Binance, the world’s cryptocurrency exchange by volume, said the theft impacted about 2 percent of its total bitcoin holdings.

“All of our other wallets are secure and unharmed,” said the statement.

“The hackers had the patience to wait, and execute well-orchestrated actions through multiple seemingly independent accounts at the most opportune time,” the statement read. “The transaction is structured in a way that passed our existing security checks. It was unfortunate that we were not able to block this withdrawal before it was executed.”

“Once executed, the withdrawal triggered various alarms in our system. We stopped all withdrawals immediately after that,” the statement said.

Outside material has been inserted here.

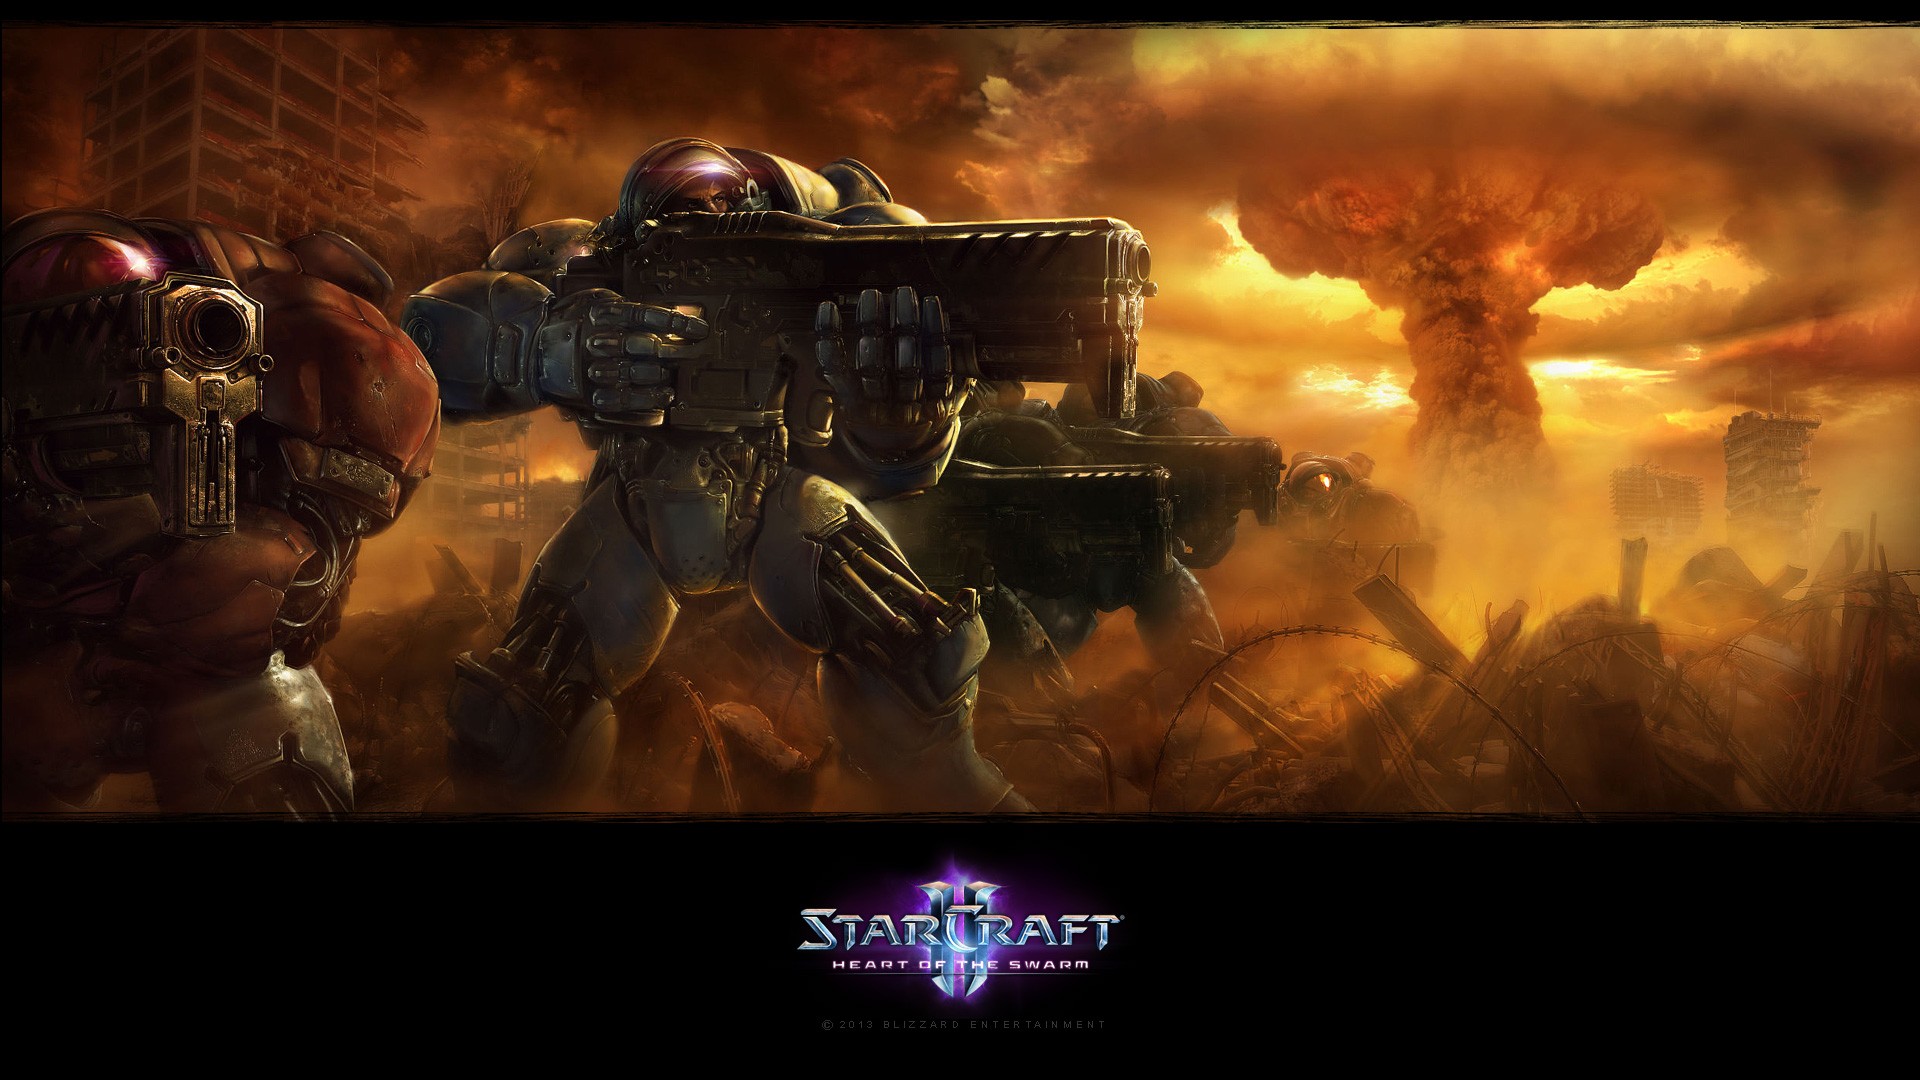 Starcraft II, Video Games Wallpapers HD / Desktop and Mobile Backgrounds

Binance said its secure asset fund for users (SAFU) will cover user losses.

Until the company’s investigation is complete, the deposits and the withdraws will remain suspended but the trading is going to remain open.

Binance chief executive Changpeng Zhao is set to hold a Twitter ask-me-anything session in the coming hours.

The Wall Street Journal in 2018 has come up with elements that make the bitcoin theft particularly appealing:

Unlike stock exchanges, which facilitate trading but don’t actually hold securities on behalf of investors, many cryptocurrency exchanges charge fees for trading and store currencies for their customers. Analysts say that makes cryptocurrency exchanges like sitting ducks. Thieves that manage to break in can do something akin to robbing a bank—getting hold of valuable cryptocurrencies that they can cash out of.

Cryptocurrency exchanges are “easy to breach, with minimum effort and expense from attackers and with maximum return on investment,” said Robert Statica, president of BLAKFX, a cybersecurity firm in New York.